** WHAT IS EXPECTED **
With pictures left out, output word for word the lines from the one containing "Zornička - Zuzana" through the end of the material below.

** DATASET RECORDS **
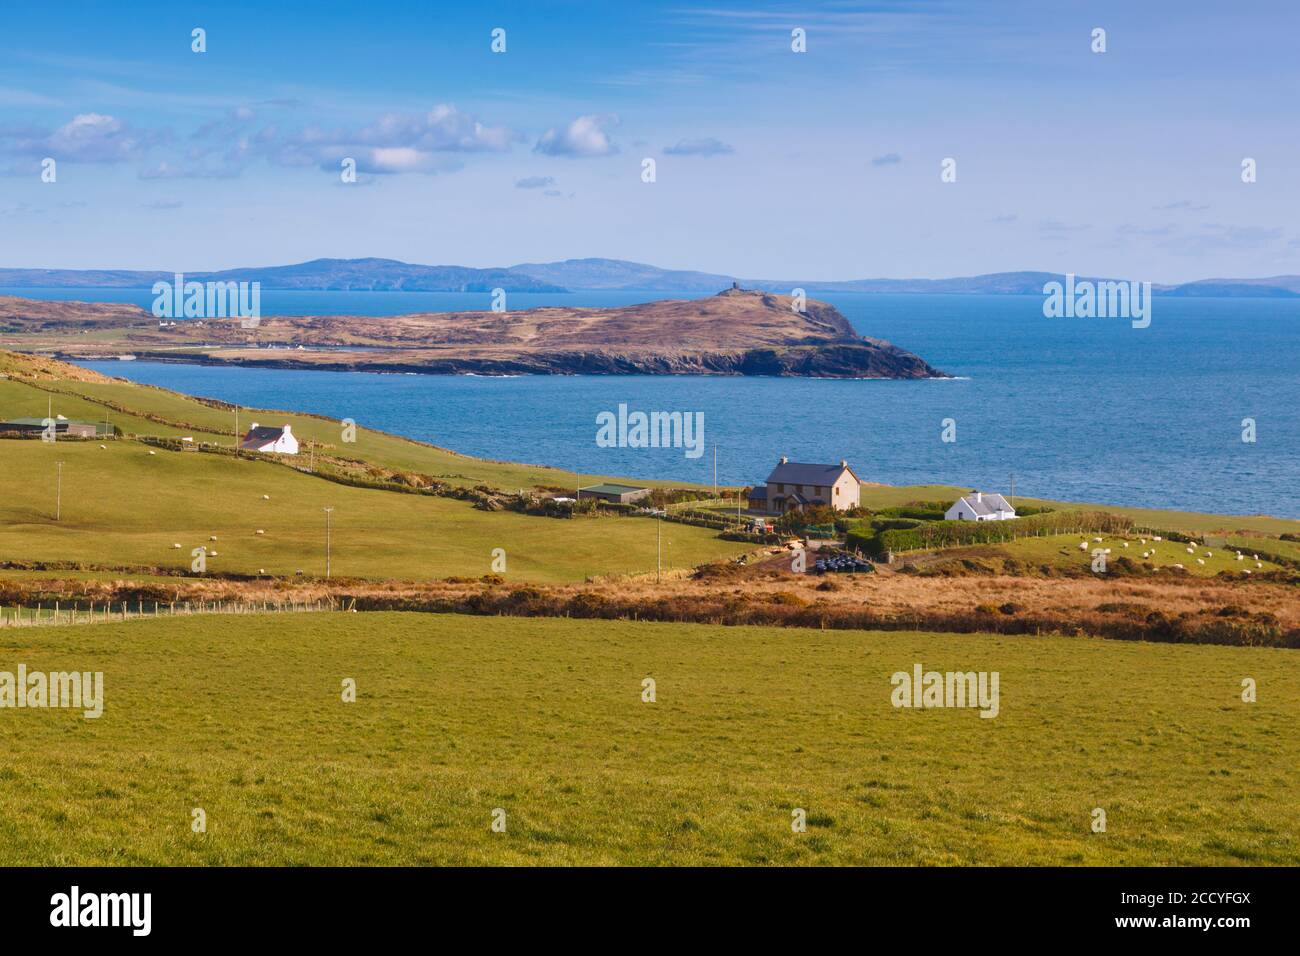 Typische Landschaft in der Nähe von Lehanmore auf der Halbinsel Beare, dem Ring of Beare, Grafschaft Cork, West Cork, Republik Irland. Irland. Stockfoto
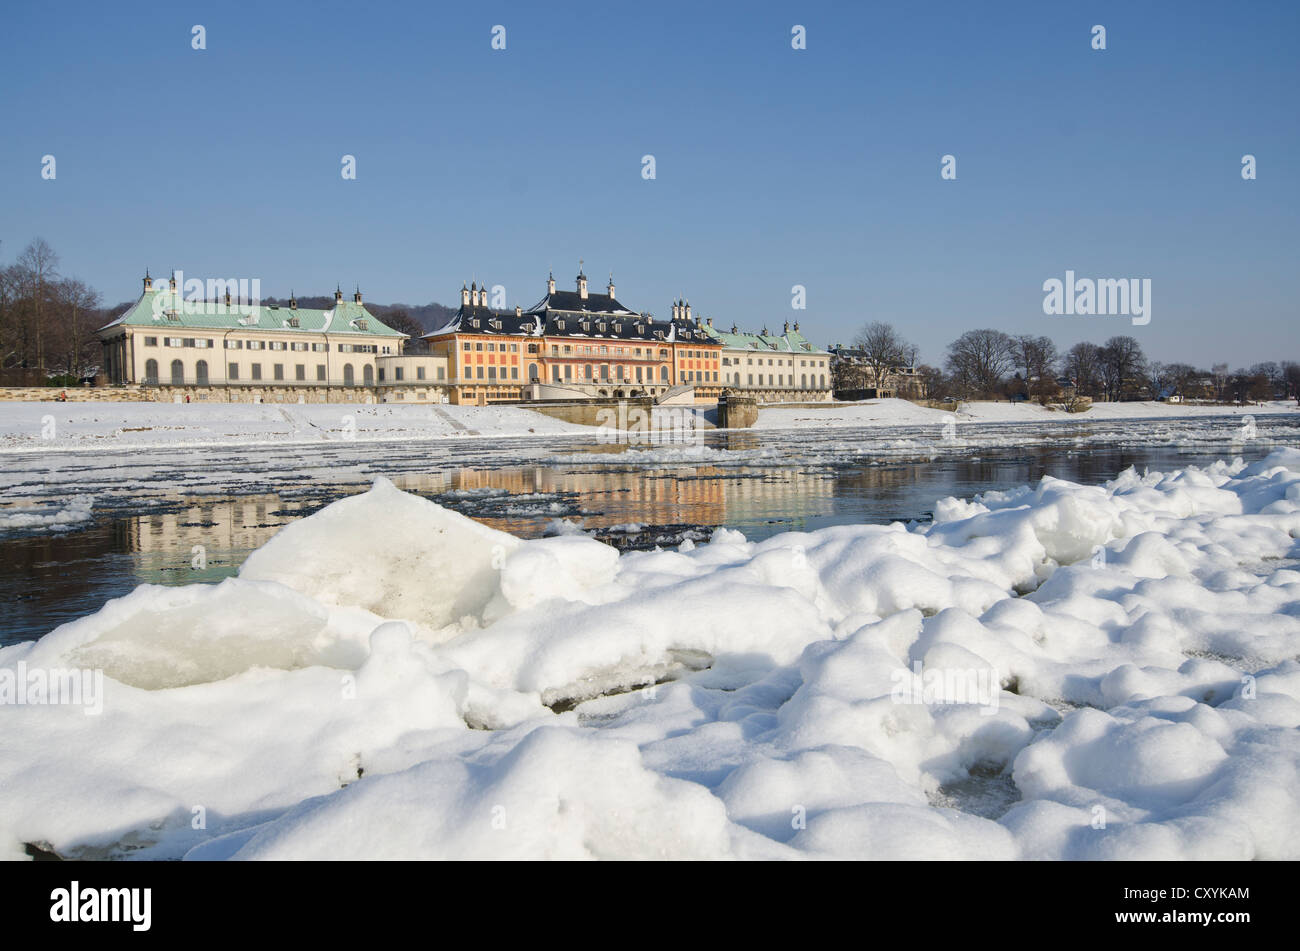 Il quasi congelate sul fiume Elba, un raro fenomeno che offre una vista spettacolare della città, Pillnitz, Dresda, Sassonia Foto Stock
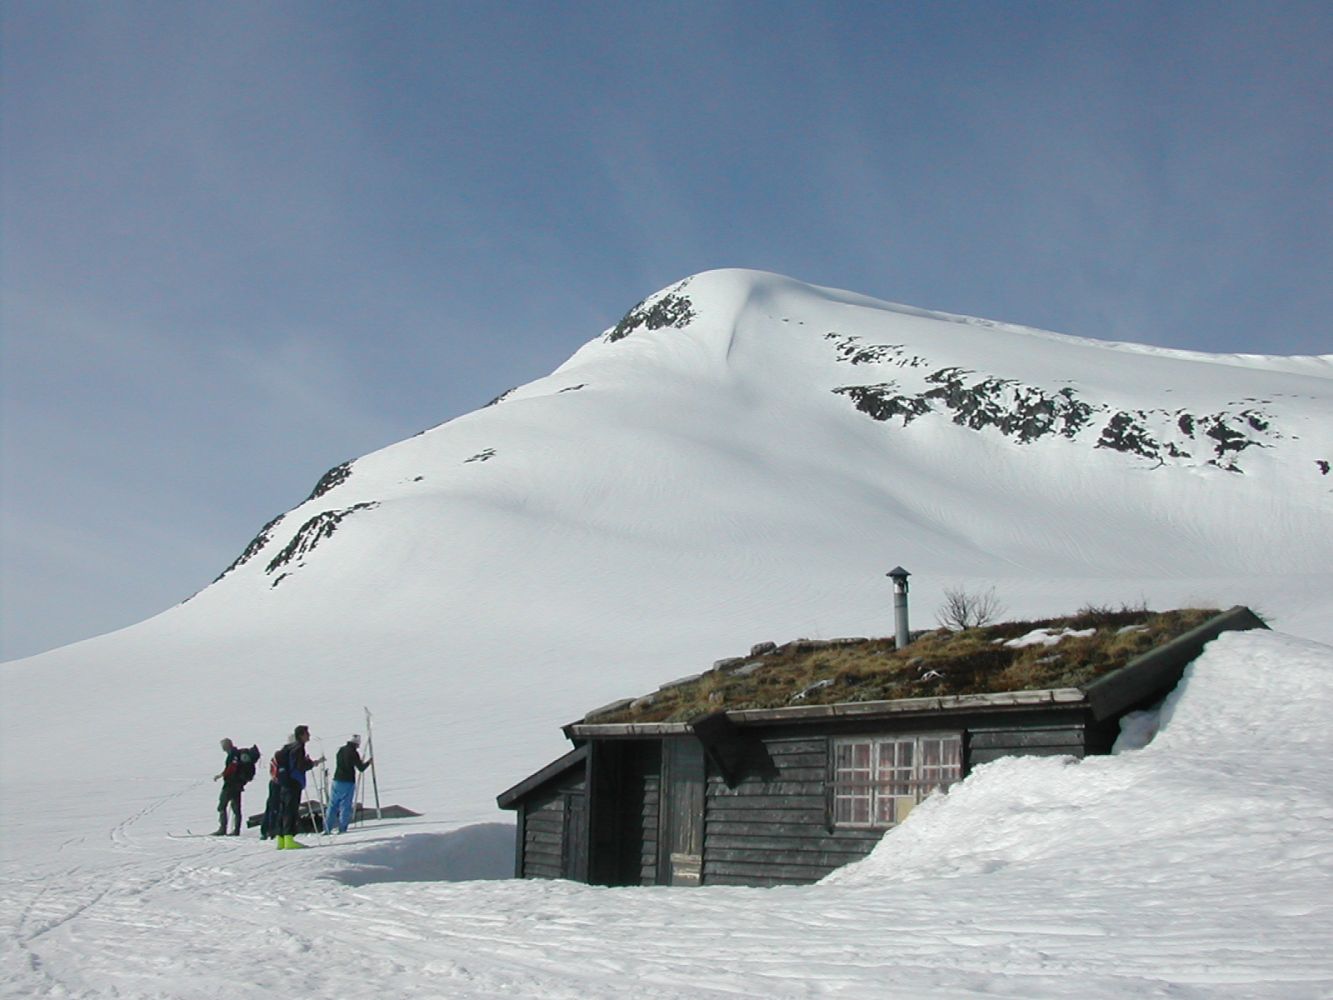 Fire skiløpere har tatt av seg skiene og har pause utenfor hytte.
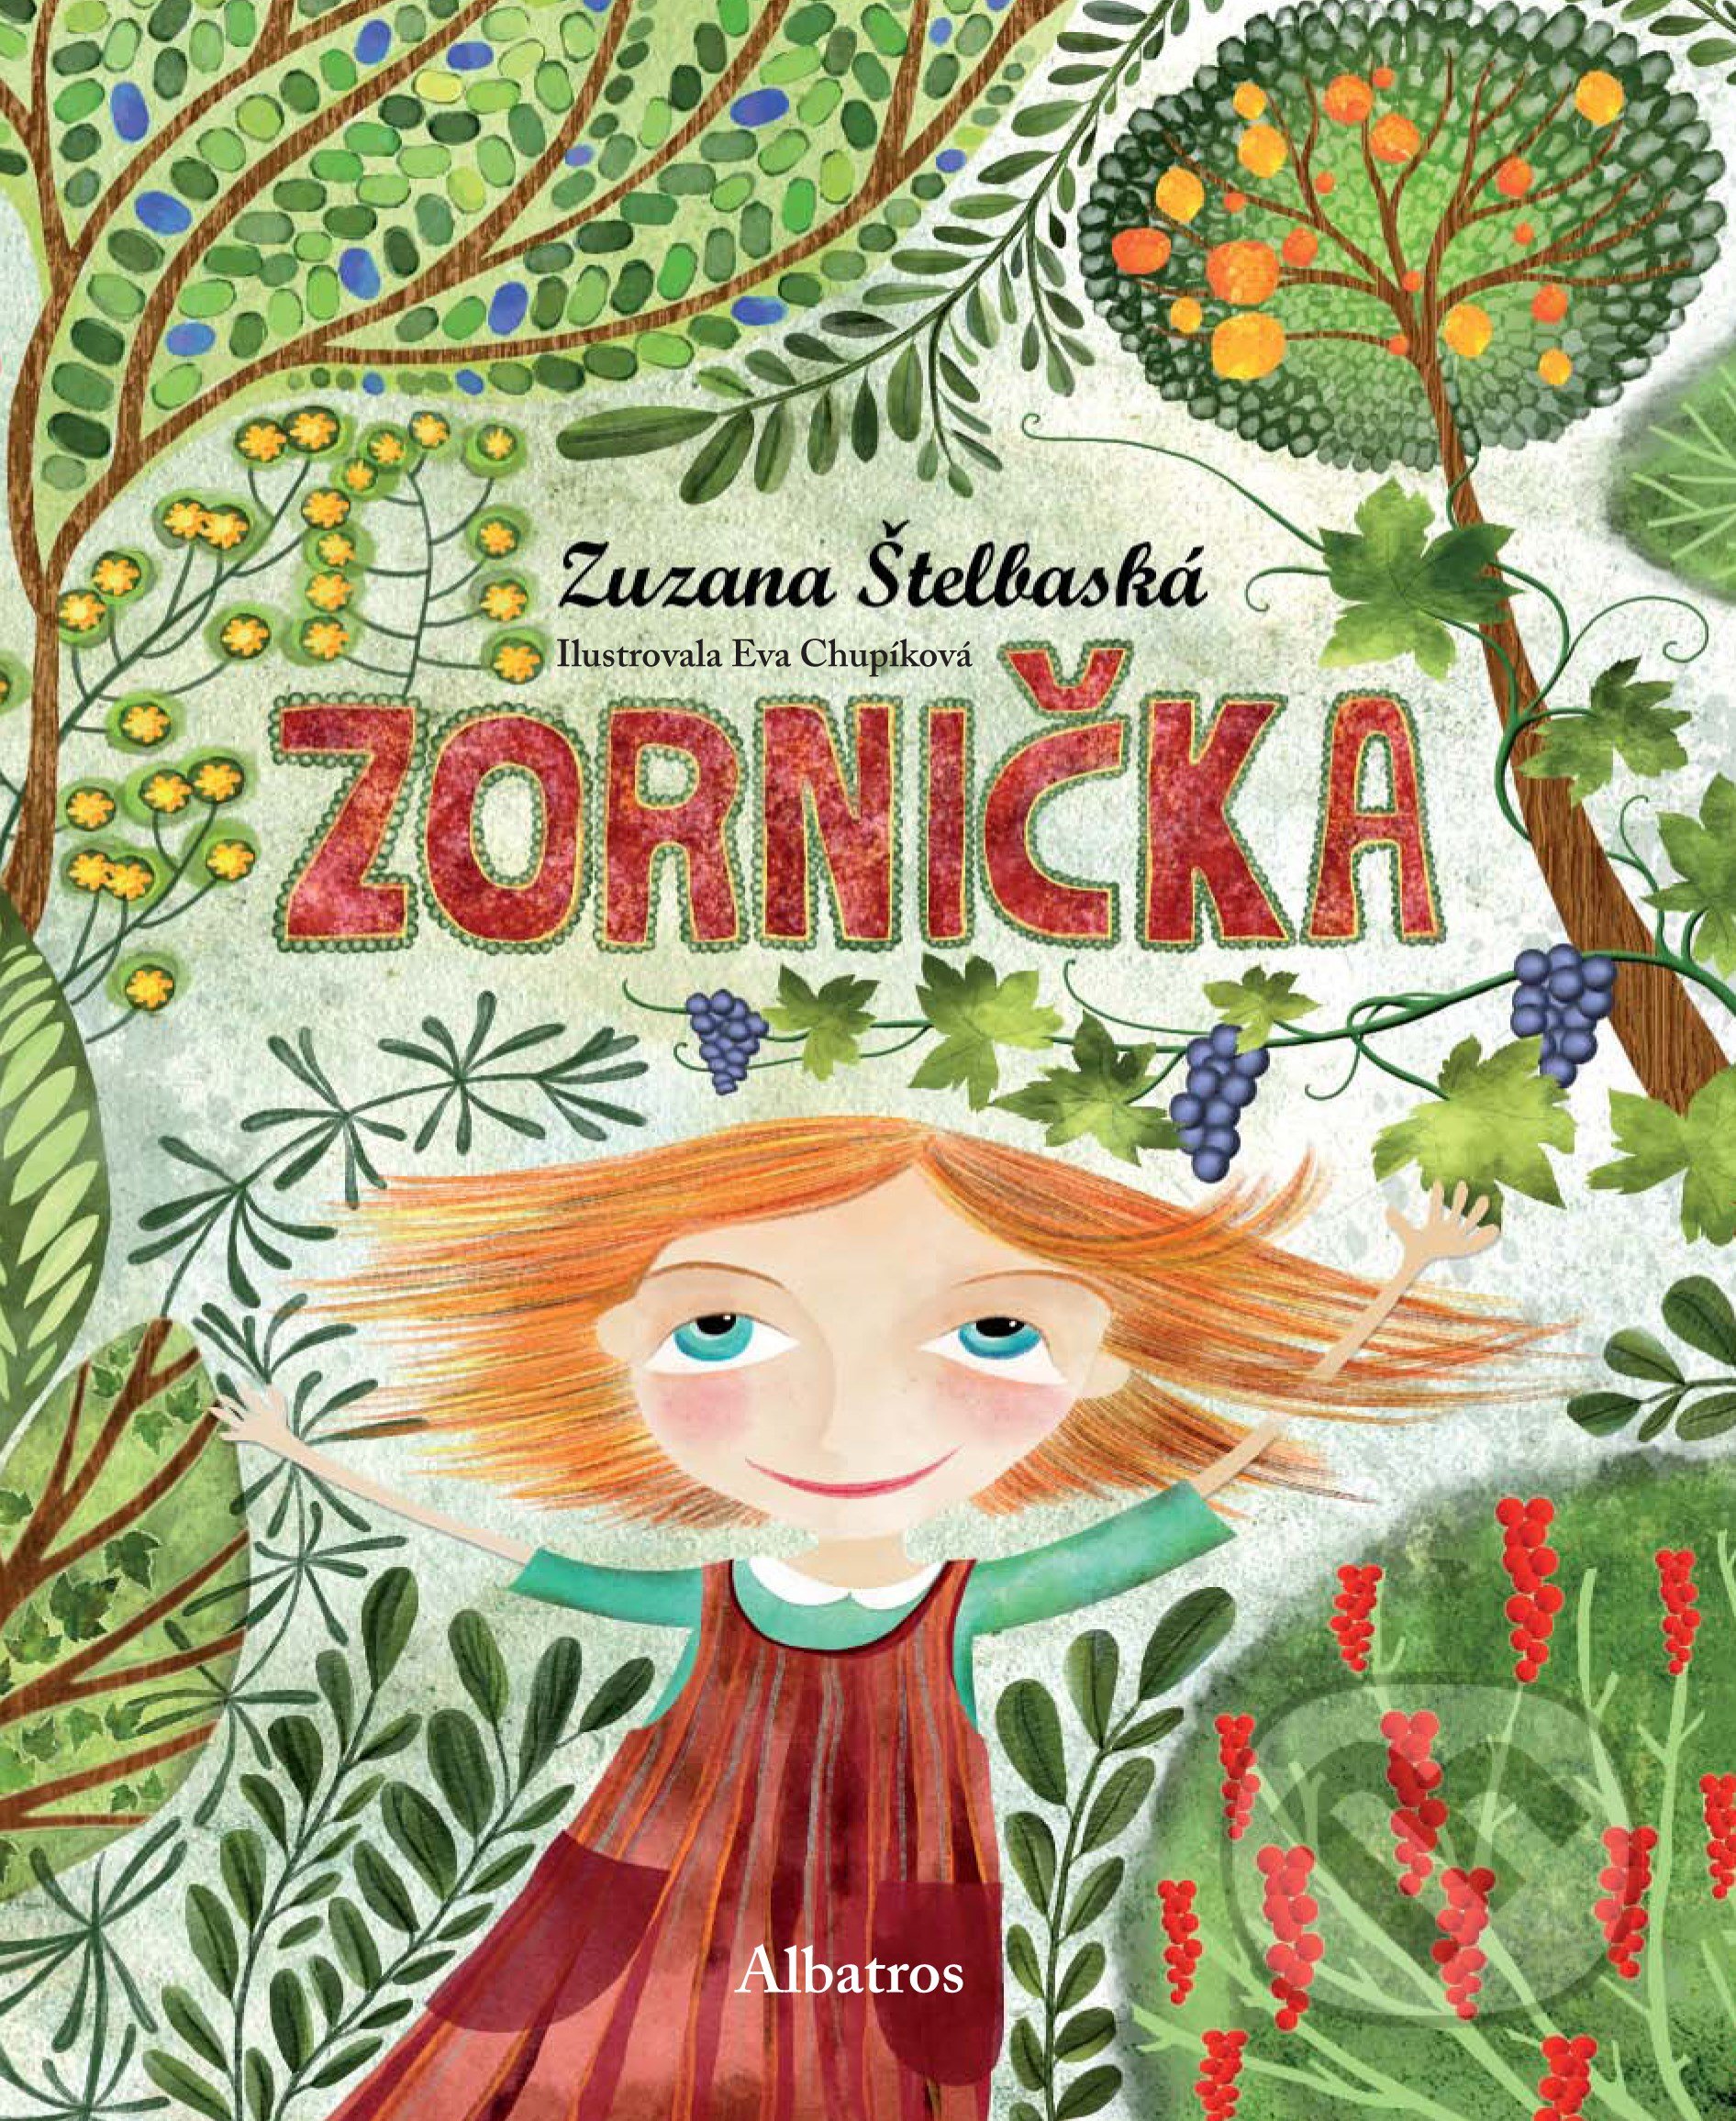 Zornička - Zuzana Štelbaská, Eva Chupíková (ilustrátor), Albatros SK, 2021
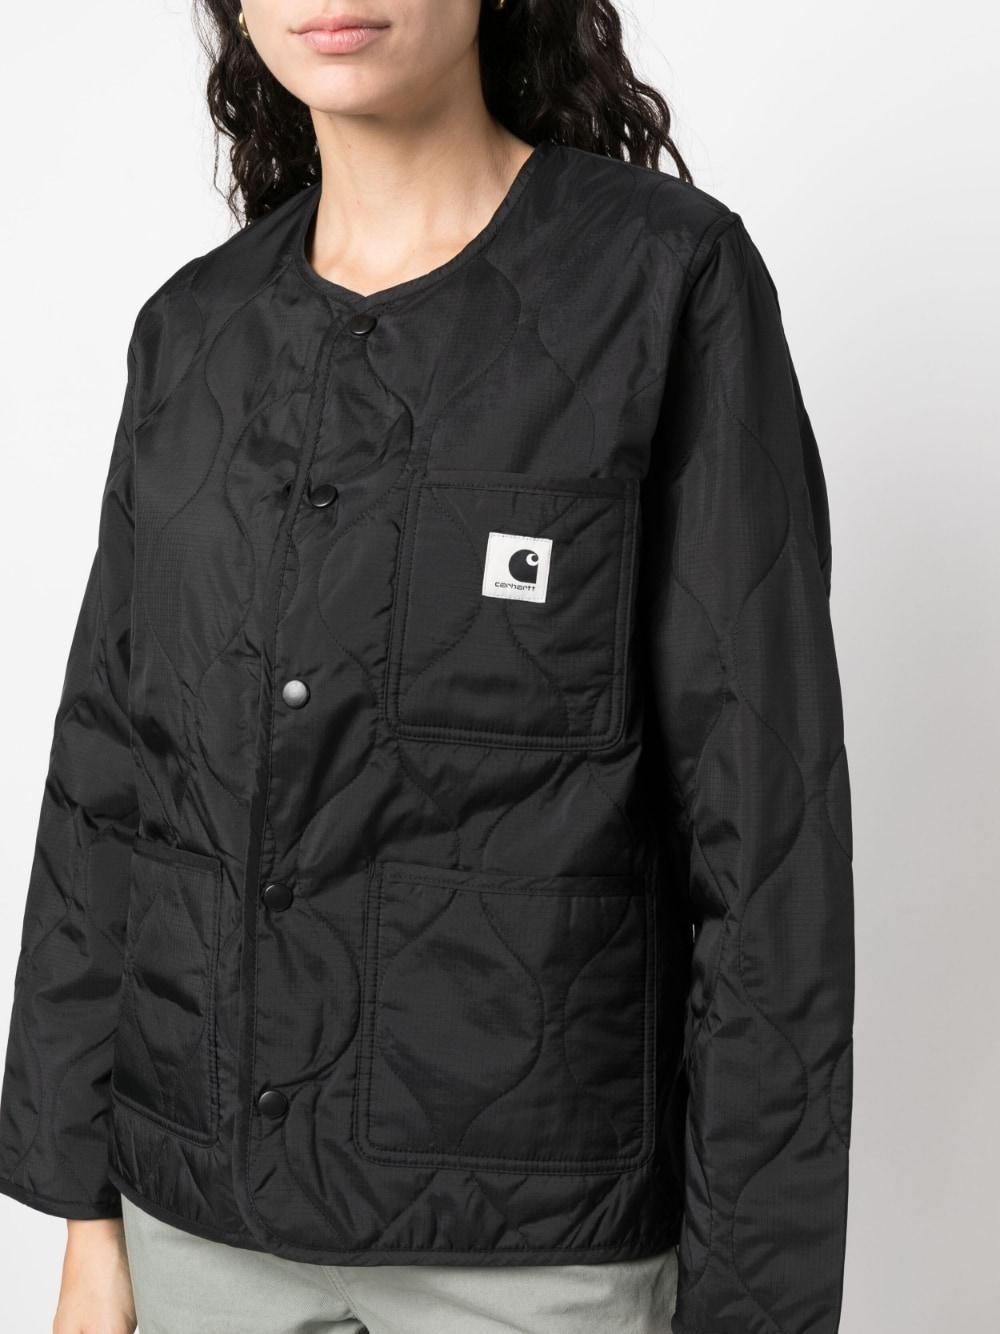 Carhartt WIP W' Skyler Liner Jacket in Black | Lyst

** FINAL ANSWER **
 Zornička - Zuzana Štelbaská, Eva Chupíková (ilustrátor), Albatros SK, 2021
 Carhartt WIP W' Skyler Liner Jacket in Black | Lyst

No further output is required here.